Reason's Annual Privatization Report, 2006

Reason's Annual Privatization Report chronicles and analyzes the most important developments in privatization, outsourcing, and government reform.

Edited by Reason's Leonard C. Gilroy, the report is divided into 11 sections, from a federal update, to 'Growth and Land Use.' The section of the report on 'Growth and Land Use' is 16 pages, and includes the following topics:

  • Eminent Domain Update
  • Protecting Landowners From Regulatory Takings
  • Do School Impact Fees Make Sense?
  • Denver Launches Permit Reform Effort
  • Privatizing the Inner City? Urban Homestead Zones Can Help Revitalize City Centers

"The protection of private property rights continues to be a hot button issue a year after the U.S. Supreme Court’s 2005 decision in Kelo vs. City of New London. This APR features an update on eminent domain reform in the states, as well as state-level efforts to replicate Oregon's Measure 37, a voter-passed initiative designed to protect property owners from regulatory takings via land use regulation."
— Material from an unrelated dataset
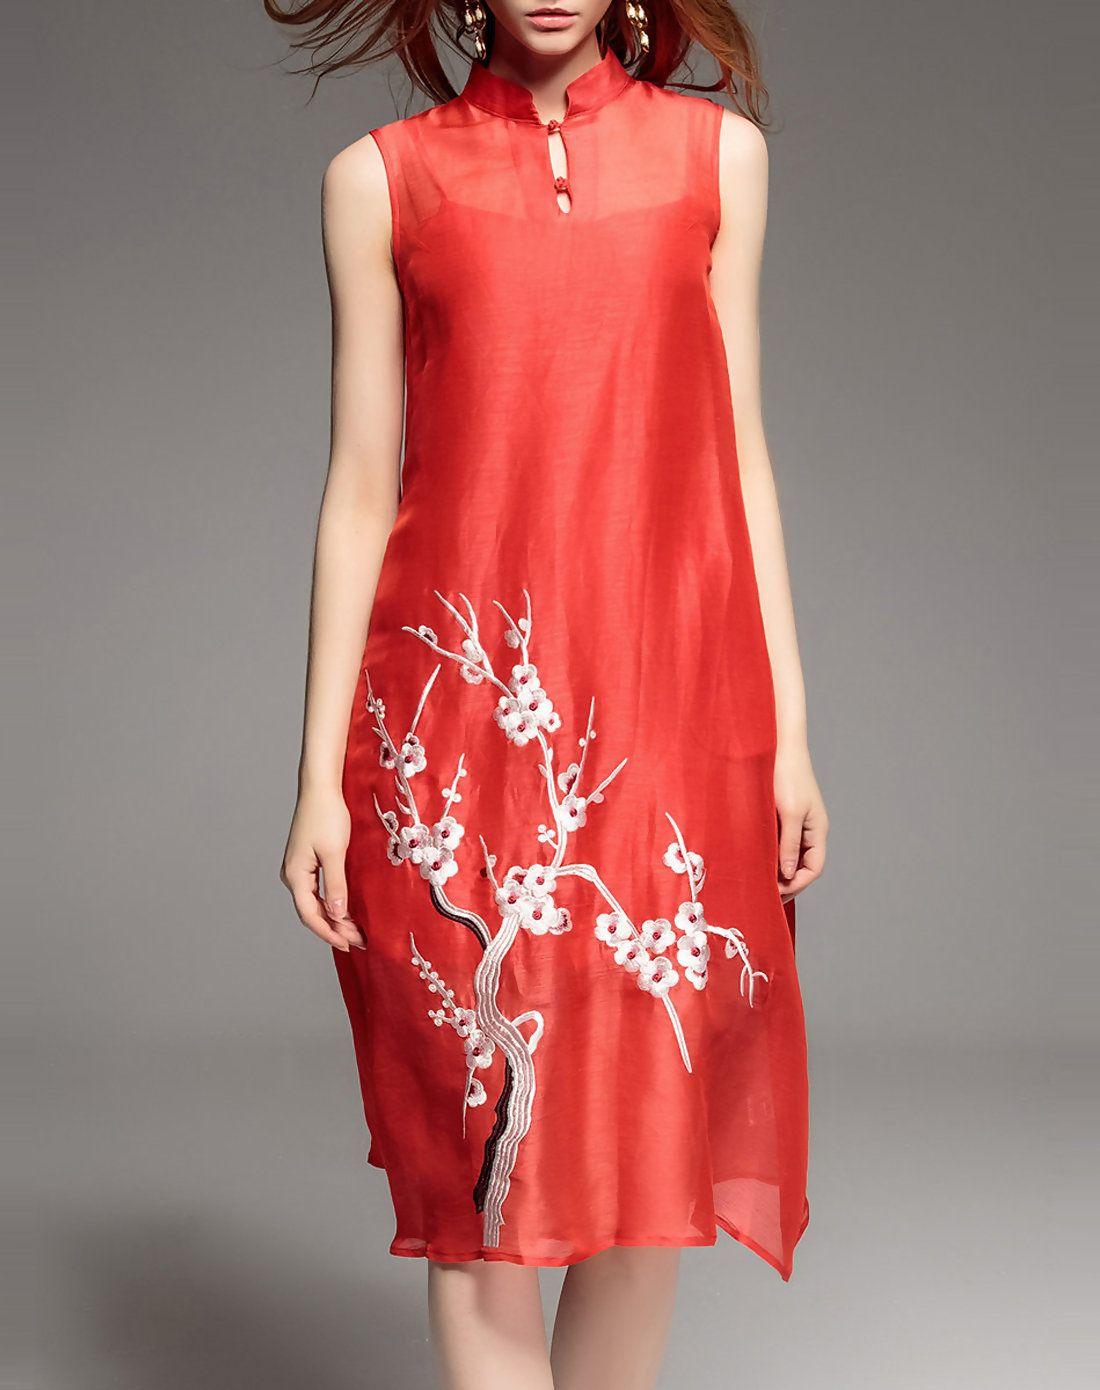 Green dress on pale skin  AdoreWe CHARSU Stunning Red Silk Embroidered Vintage Floral Midi

An excerpt from the section of the report on Denver Launches Permit Reform Effort:

Bureaucracy is driving up the costs of development in Denver, according to the city's multi-agency Development Council. The Council, established by Mayor John Hickenlooper to revamp the city’s slow and burdensome development review and permitting process, released a report in July 2005 that found that delays in the process increase the cost of development in Denver by approximately 3 to 5 percent. The Council likens these delays to a tax that drives developers to Aurora, Lakewood, Douglas County, and other jurisdictions that compete with Denver for development investment.

With over $1.4 billion worth of permits issued in 2004, the Council estimates that Denver's 'bureaucracy tax' totaled roughly $40 to $60 million of added costs for developers in that year alone. And this is no small concern. Regulatory delays and uncertainty increase the costs of development in communities nationwide, which in turn places upward pressure on housing prices, reduces housing production, and limits the market's ability to provide affordable housing.
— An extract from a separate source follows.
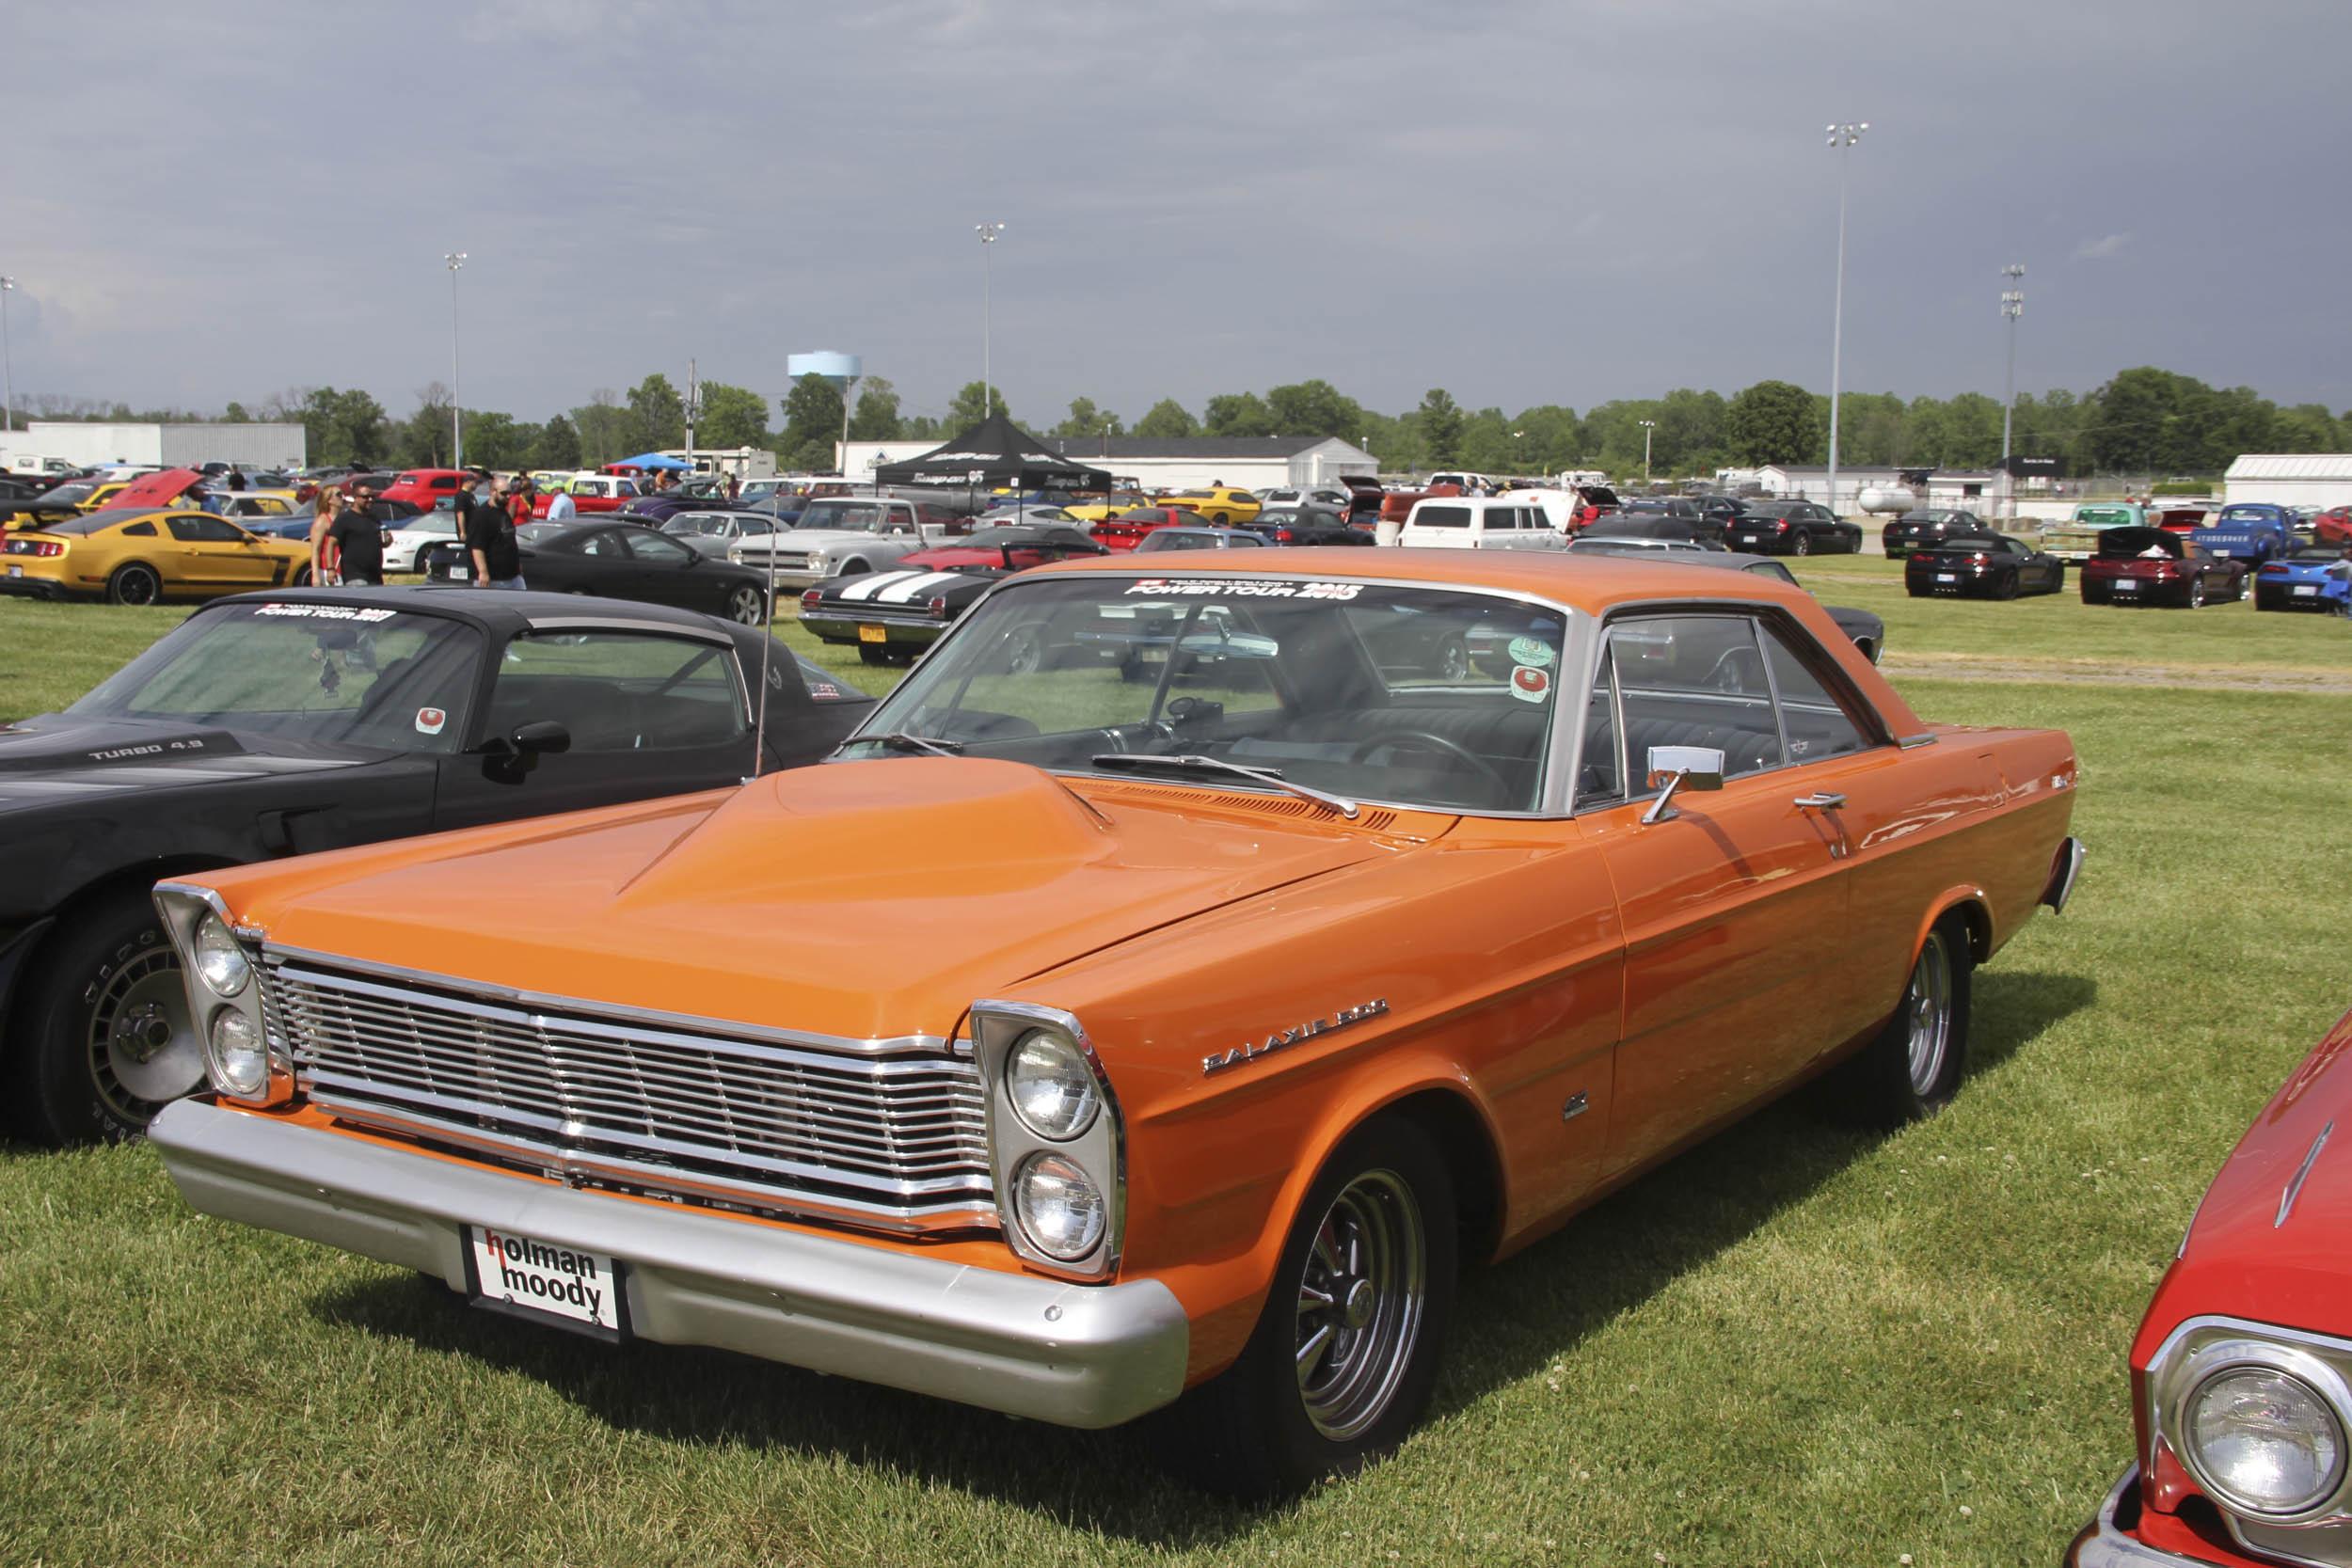 Fords Fairlane Thunderbolts

To address this issue, the Council's report outlines a series of reforms intended to streamline the development review process and create a more certain regulatory climate for developers to operate within. For example, the Council found that there are currently no city-wide performance goals or standards for how long development review should take. Not only would such standards be created in the reform effort, but the Council also recommended creating a citywide project tracking system and project management database that would allow city staff, elected officials, developers, and other stakeholders to see exactly where a project stands under the new development review scheme."

From the introduction by Margaret Thatcher:

"All too often the state is tempted into activities to which it is either ill-suited or which are beyond its capabilities.
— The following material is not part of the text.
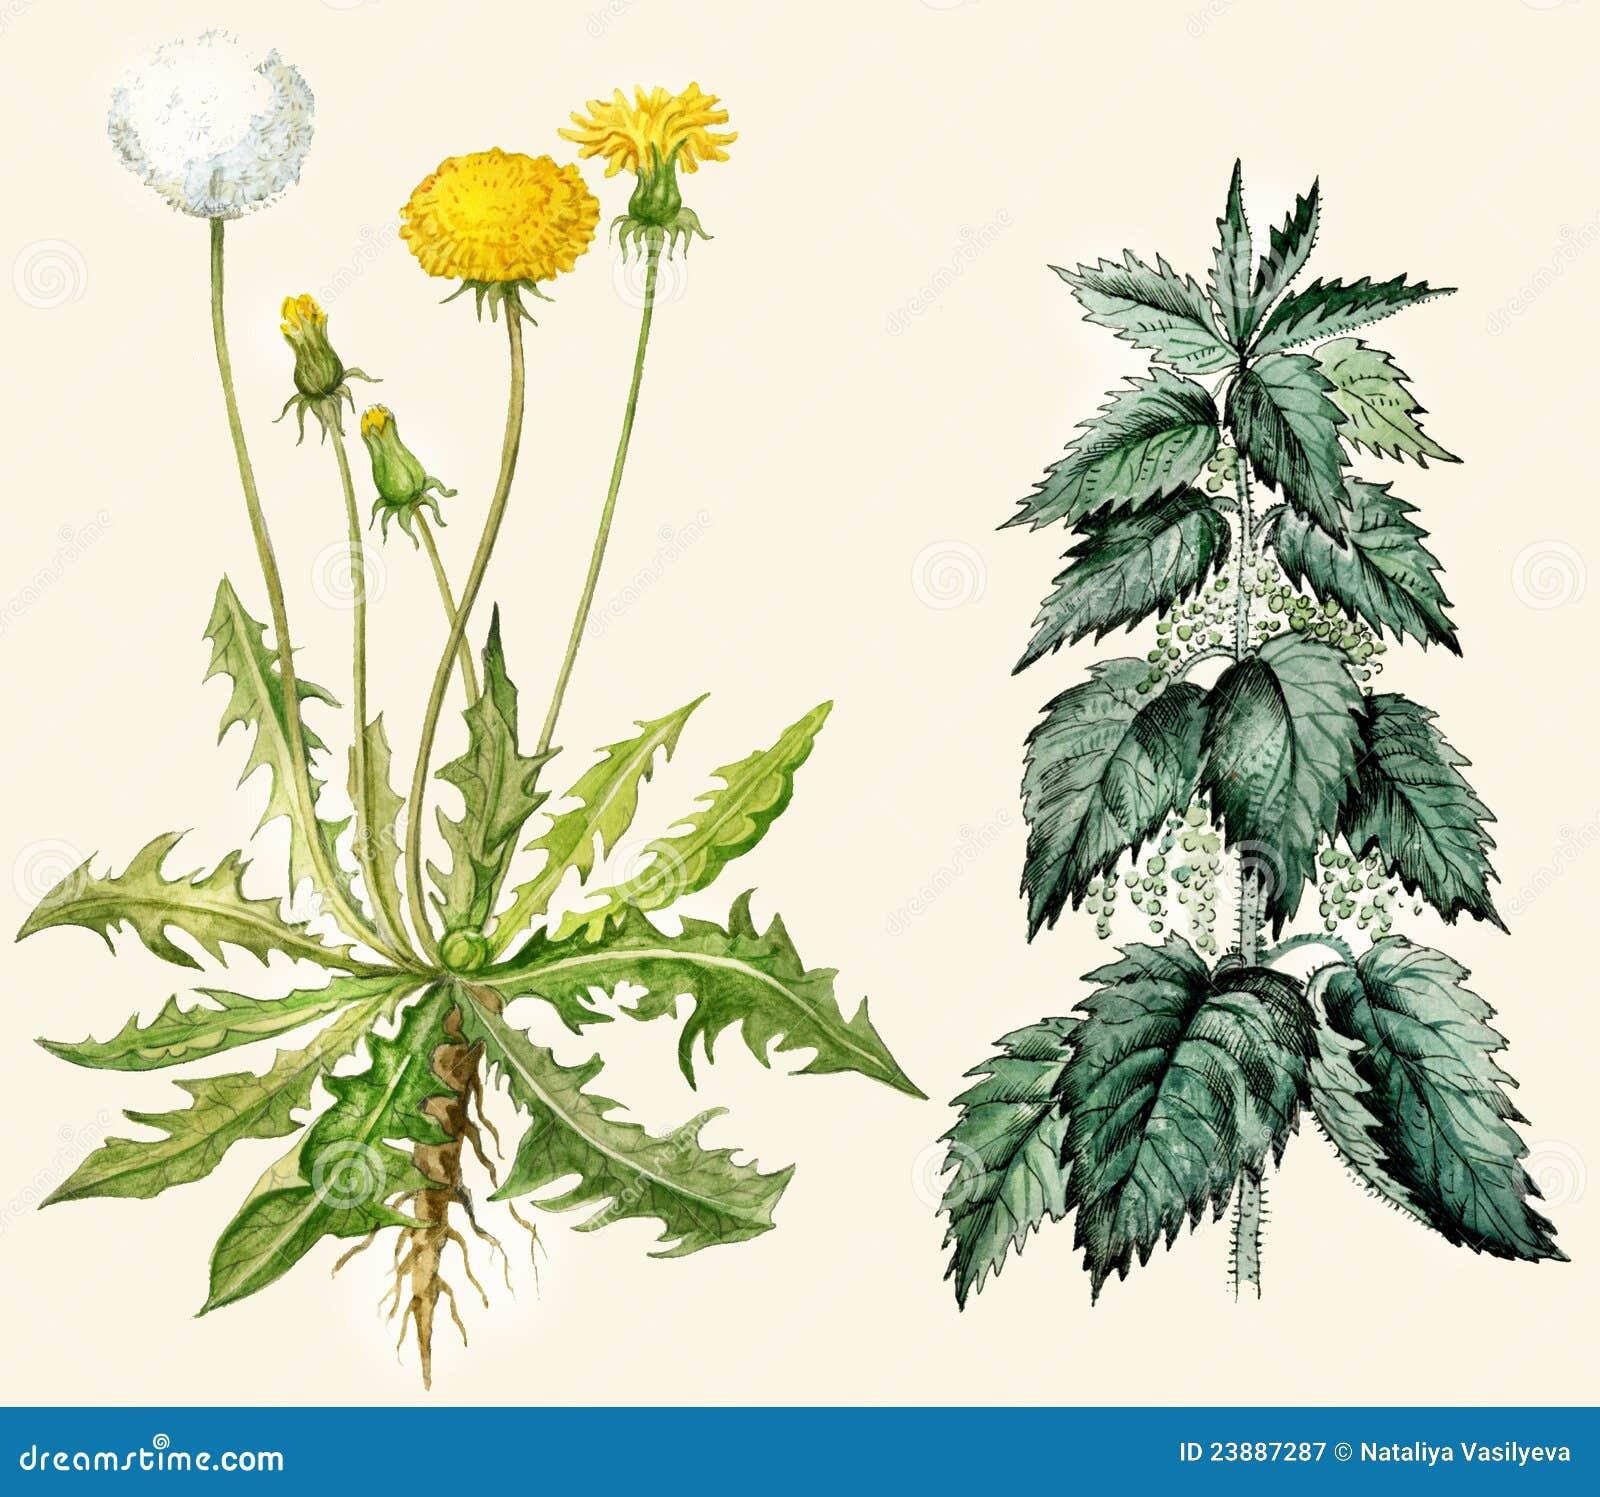 Dandelion and nettle

Perhaps the greatest of these temptations is government's desire to concentrate economic power in its own hands. It begins to believe that it knows how to manage business. But let me tell you, it doesn-t -- as we discovered in Britain in the 1970s when nationalisation and prices and incomes policy together deprived management of the ability to manage. And when we came to privatise and deregulate in the 1980s it took
some time before these skills returned."

Thanks to Reason Alert

Full Story: Annual Privatization Report 2006



Would Reason Please Explain the Following?

The Growth and Land Use chapter's part B, on Measure 37 and sons/daughters-of-Measure-37, includes a "Debunking Prevalent Measure 37 Myths" section. The given debunkings amount to little more than "it's not true!," but, more importantly, how is it not true! that Measure 37 prevents "regulat[ing] public health and safety," yet "waiving regulations rather than compensating successful claimants" does not "decimate land use regulation"? This is what is asserted on page 203, or 5 of the PDF.

And, back to a familiar polarizing issue, are publicly-funded private-school vouchers not actually money that public schools need? If they come from tax-increment financing, shouldn't public tax receipts fund public facilities such as public schools? And are we certain that private schools are so much better than public counterparts as to warrant public funding for private institutions? (See page 214, or page 16 of the PDF.)